Thursday, June 10, 2021

Plotting and Discovery

In the June issue of LOCUS, Kameron Hurley writes about how she gets from the beginning of a story to the end:

Endings and Beginnings

I'm always interested in the techniques used by other writers, and Hurley's current procedure isn't quite like any I've come across before. She describes how her method changed from free-writing in a process of discovery all the way through a piece of fiction to a hybrid of freeform and outlining. Early in her career, she "began every story with a scene, an inciting incident, a mood, a situation, and wrote until [she] figured out what happened next." She ended up with "dozens and dozens of beginnings, a few middles, and not a lot of endings." As she points out, it's hard to sell beginnings and middles to publishers.

Now she free-writes the beginning, works on it until the characters and their motivations become clear, and then plots the rest of the book. She needs to write a story opening that establishes all the vital ""problems, relationships, tensions, and setups" before she can move forward. Judging from the rest of the essay, Hurley seems to be very much a character-driven rather than plot-driven writer. She finds that, for her, it's "impossible to write an ending unless the beginning works." She concludes the essay with the principle, "Get the first part right, and you'll find the ending was staring at you all along."

This method runs contrary to the common advice to write the ending first and then work out what needs to happen to get there. Even if a writer doesn't literally compose the final scene first, it's generally assumed that for effective fiction writing the author has to know the culmination all along. On the other hand, Nora Roberts, in answer to a question at a conference session where I heard her speak, claimed she didn't outline her Eve Dallas mysteries (published under the name "J. D. Robb"). She was as surprised by the twists and turns of the murder investigations as Lt. Dallas was. The notion of writing a detective story that way boggled my mind. Imagine the backtracking and revision that must be required to make all the clues fit the solution. Yet clearly this method works for Roberts, who dependably releases two Lt. Dallas "In Death" mysteries every year in addition to the Nora Roberts romances.
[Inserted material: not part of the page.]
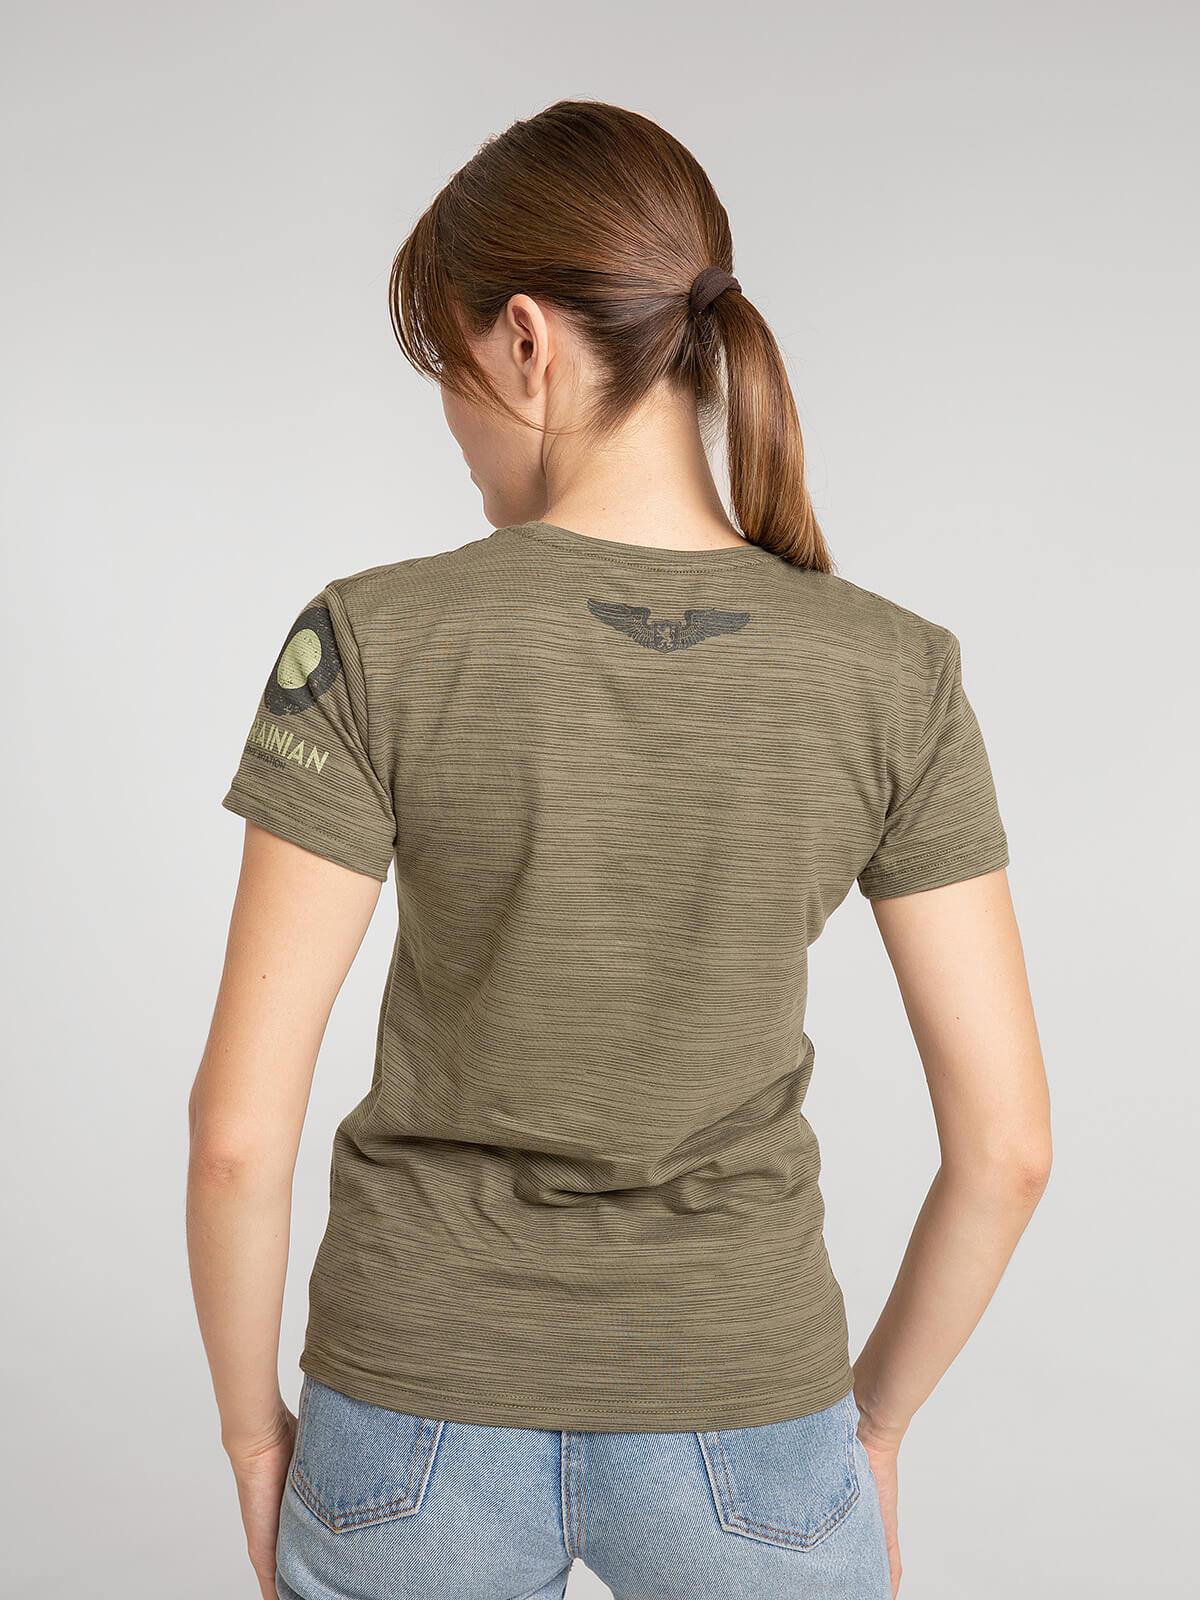 Women's T-Shirt 16 Brigade. Color khaki.  Technique of prints applied: silkscreen printing.

I'm one of those dedicated outliners Hurley mentions, who would find her old process, if not exactly "horrifying" as she puts it, distressingly inefficient. As a novice writer, I surged forward through my narratives on waves of inspiration. In my teens, writing short pieces, I found that approach could work well enough, in the sense that I finished stories. (Whether they were any good is a different matter.) Holding a short-story or novelette plot in my head from beginning to end wasn't hard. When I started trying to create novels, though, starting at the beginning and charging forward to the end resulted in often not reaching the end because I'd get bogged down in the middle. I realized I needed to know where the plot was going and the steps along the road. For the same reason, although I used to occasionally write scenes out of order (as Diana Gabaldon, a bestselling "pantser," does), I've long since switched to linear scene-by-scene composition following my outline. With my early novel-writing attempts, if I yielded to the temptation of writing the most "exciting" incidents first, I tended to get bored with the necessary filling-in work. Some "pantsers" find an outline too limiting. I feel just the opposite; the outline liberates me from the fear of getting stuck in the middle and losing interest in the project.

Regardless of one's favorite method of composition, one of Hurley's discoveries has general application: Plot doesn't consist of "what happened to people"; it's "how people respond to and influence the world around them."